The tribunal had no choice but to dismiss the appeal.  This shows the importance of keeping accurate records as, once HMRC have raised an assessment, it is generally up to the taxpayer to prove that they are not correct.  This can be difficult if the records are not sufficient to do so.

Taxpayers Hunted and Lynched

The Blog this week could be described as dark tales from the Brothers Grimm entitled “What happens to those who ignore HM Revenue and Customs…”

Do not be too scared!  Whilst the Brothers Grimm tales tend to have awful endings – as do the stories of the poor souls in the cases described in the Blog – they are the ones who have ignored the warnings and neglected dealing with HMRC with due and proper respect.  For years many seem to get away with it.  However, the final conclusion seems inevitable to Observers.  Neglect means ignoring that invariably the Mills of God (and HMRC) may grind slowly, but they grind exceedingly fine.  It is prudent to take professional advice before the sack of corn representing your life is thrown down the hopper into the grinding wheel.

Looking at likely outcomes those who take advice from their properly qualified professional advisors generally come out far better.  Prior neglect will cost – often significantly – but making disclosure and then negotiating a fair deal makes personal and economic sense.  Just compare getting matters settled to being sent to jail or having your assets seized under the Proceeds of Crime Act, let alone the miserable anticipation of waiting for it to happen.

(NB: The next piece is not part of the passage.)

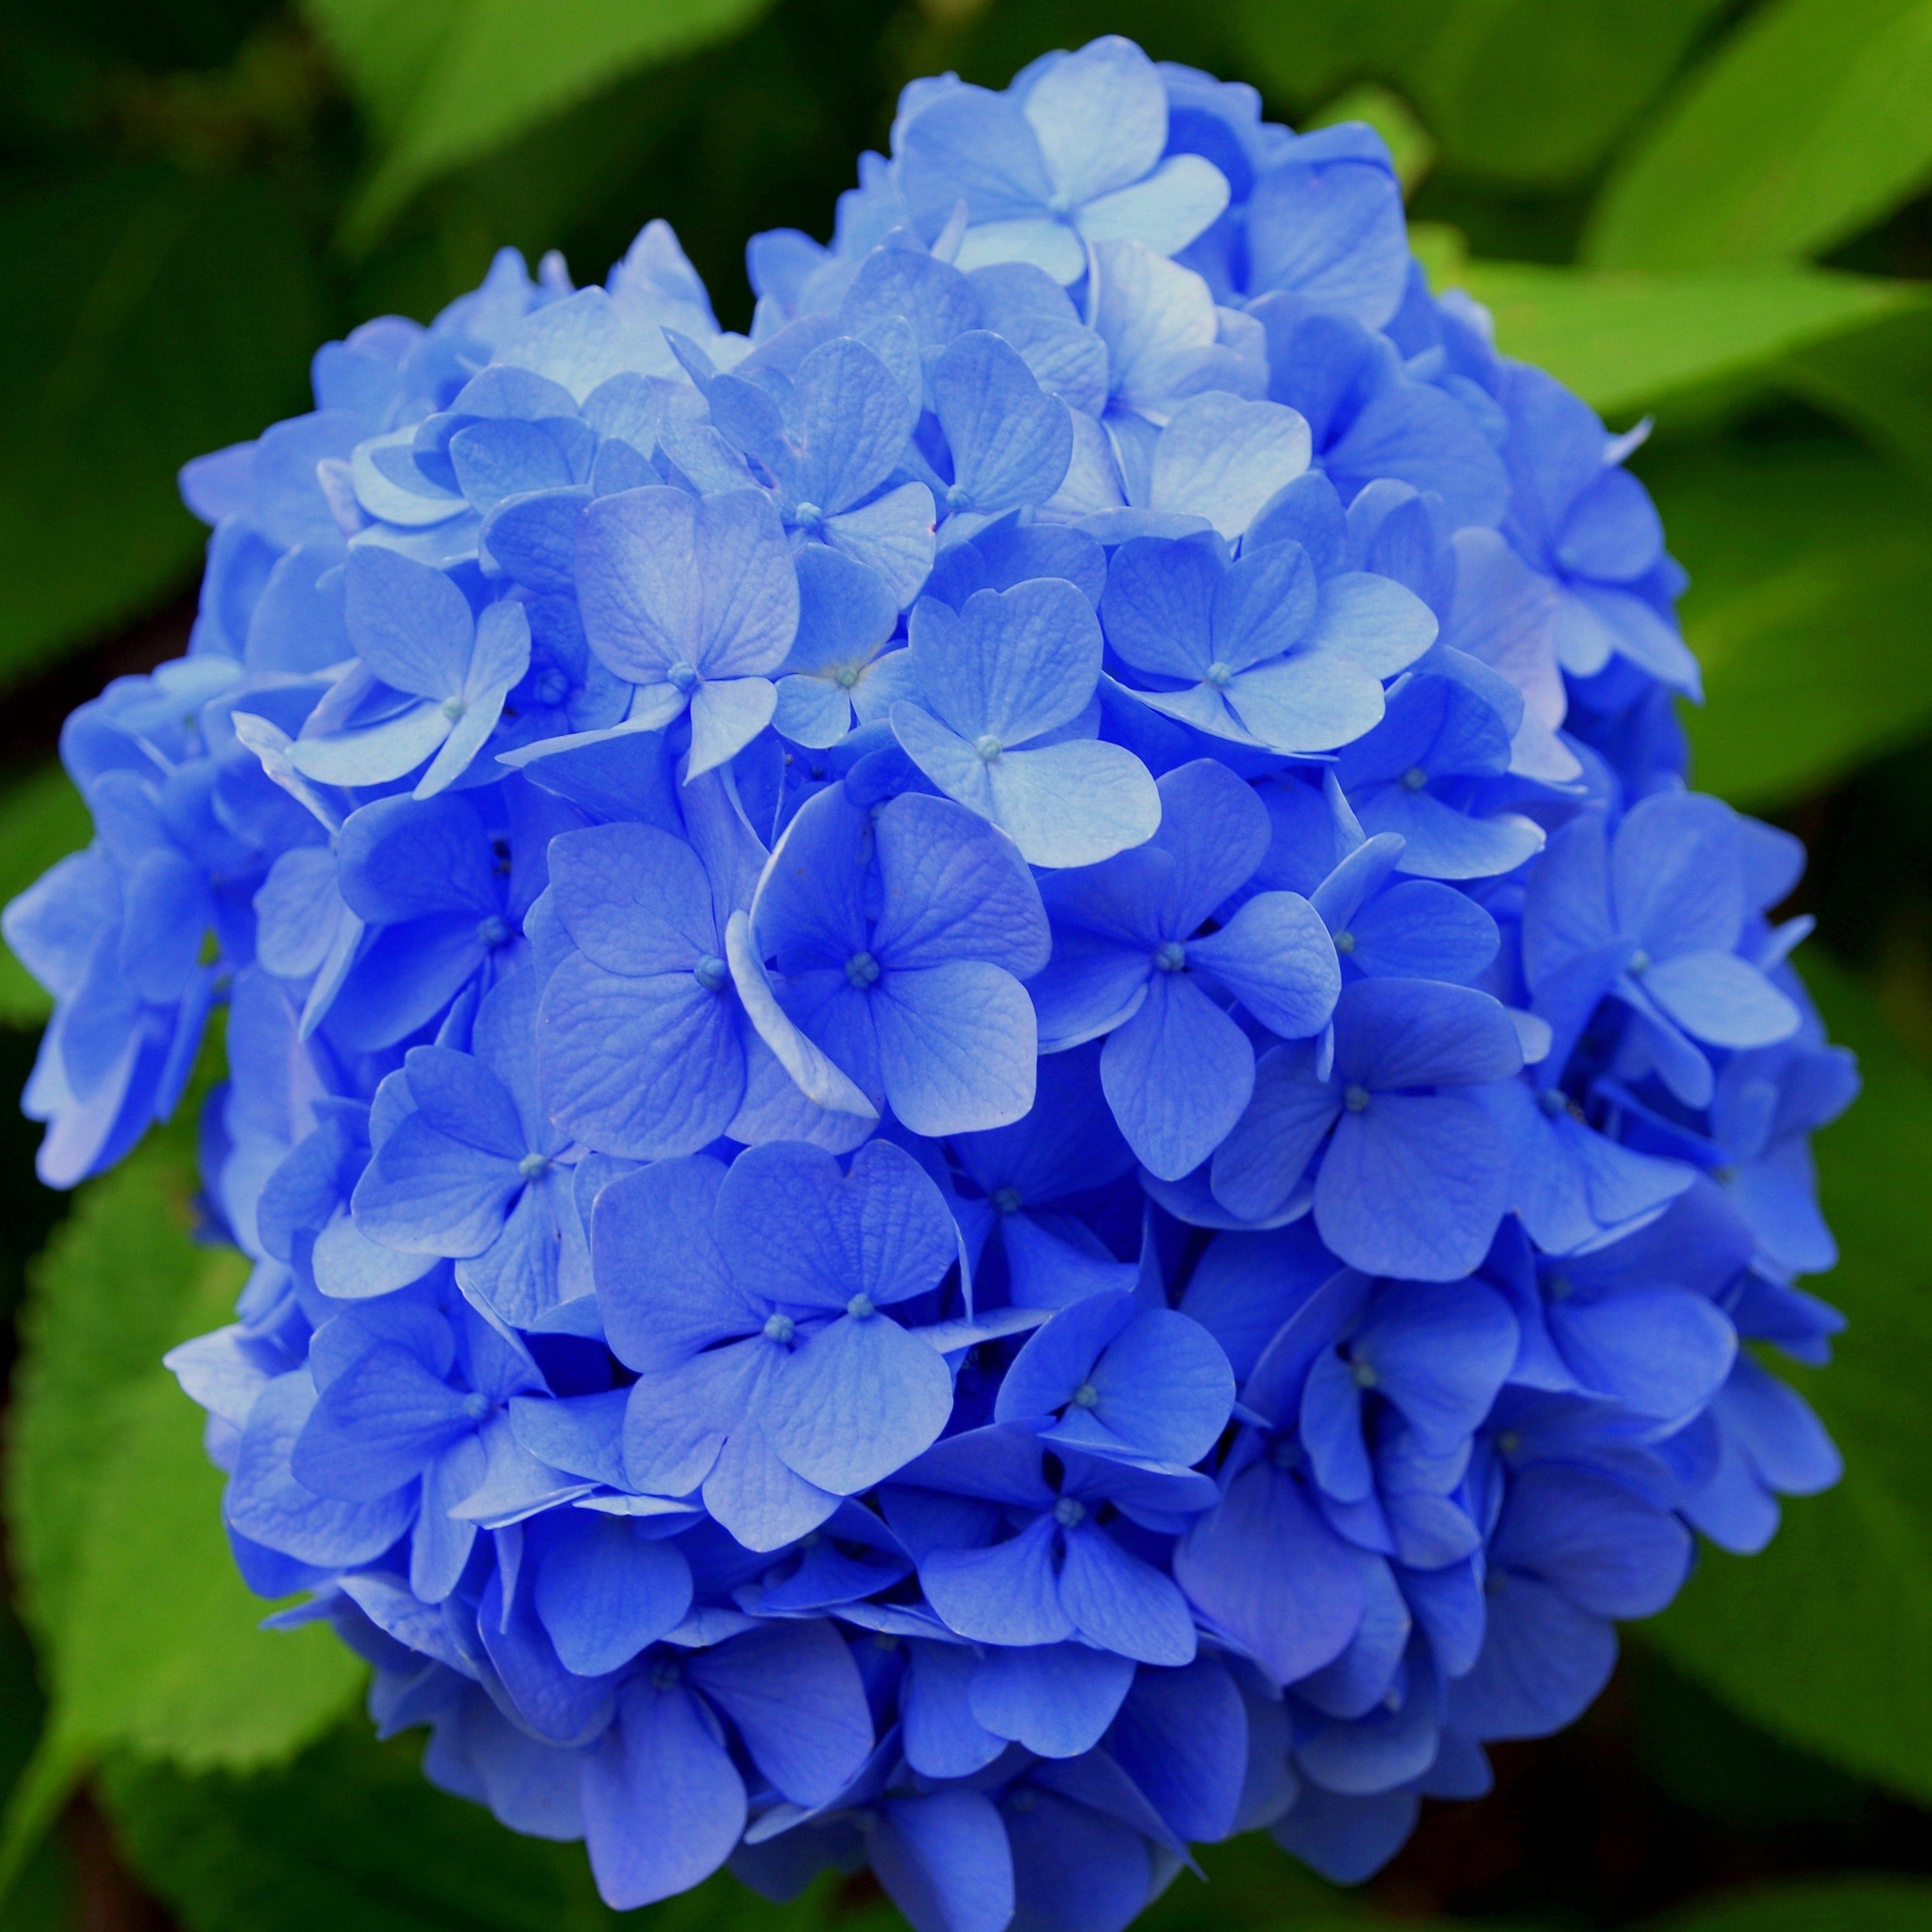 Blå hortensia (Hydrangea Macrophylla Blaumeise) kendetegnes ved de store, smukke blomsterskærme i blå og blållige nuancer og med pæne grønne blade her flot klar blå farve

3 recently reported cases exemplify the lesson.  Stephen Douce only declared a low household income, where in fact he was earning far more.  The under-declarations resulted in a loss to HMRC of VAT, income tax, NIC and tax credits.  He was sent to jail.

Mr Lynch was discovered to have failed to declare a particular source of income.  The Courts held that the degree of suspicion was sufficient for there to be ‘discovery’ under S29 TMA 1970 and for procedures to be taken under the Proceeds of Crime Act, reflecting gains obtained illicitly over the preceding 20 year period.  Unexplained deposits and credit card payments from unexplained sources amounted to sufficient evidence of undeclared income.  The tax assessments stood.

The Hunt case shows financial irregularities can have other long term consequences.  Again, taking proper advice regarding prompt disclosure may well have helped Mr Hunt, a Financial Advisor, avoid having his new business tainted because he was deemed not to be a ‘fit and proper person’ under FSMA regulations.  He lost in court, even though he argued his original criminal conviction ought to be ‘spent’ because it took place in 1993 so was over 20 years ago.

The advice to clients is take proper advice and then act promptly.  Ignore HM Revenue and Customs at your peril!  The alternative consequences are likely to be costly and last most of a lifetime.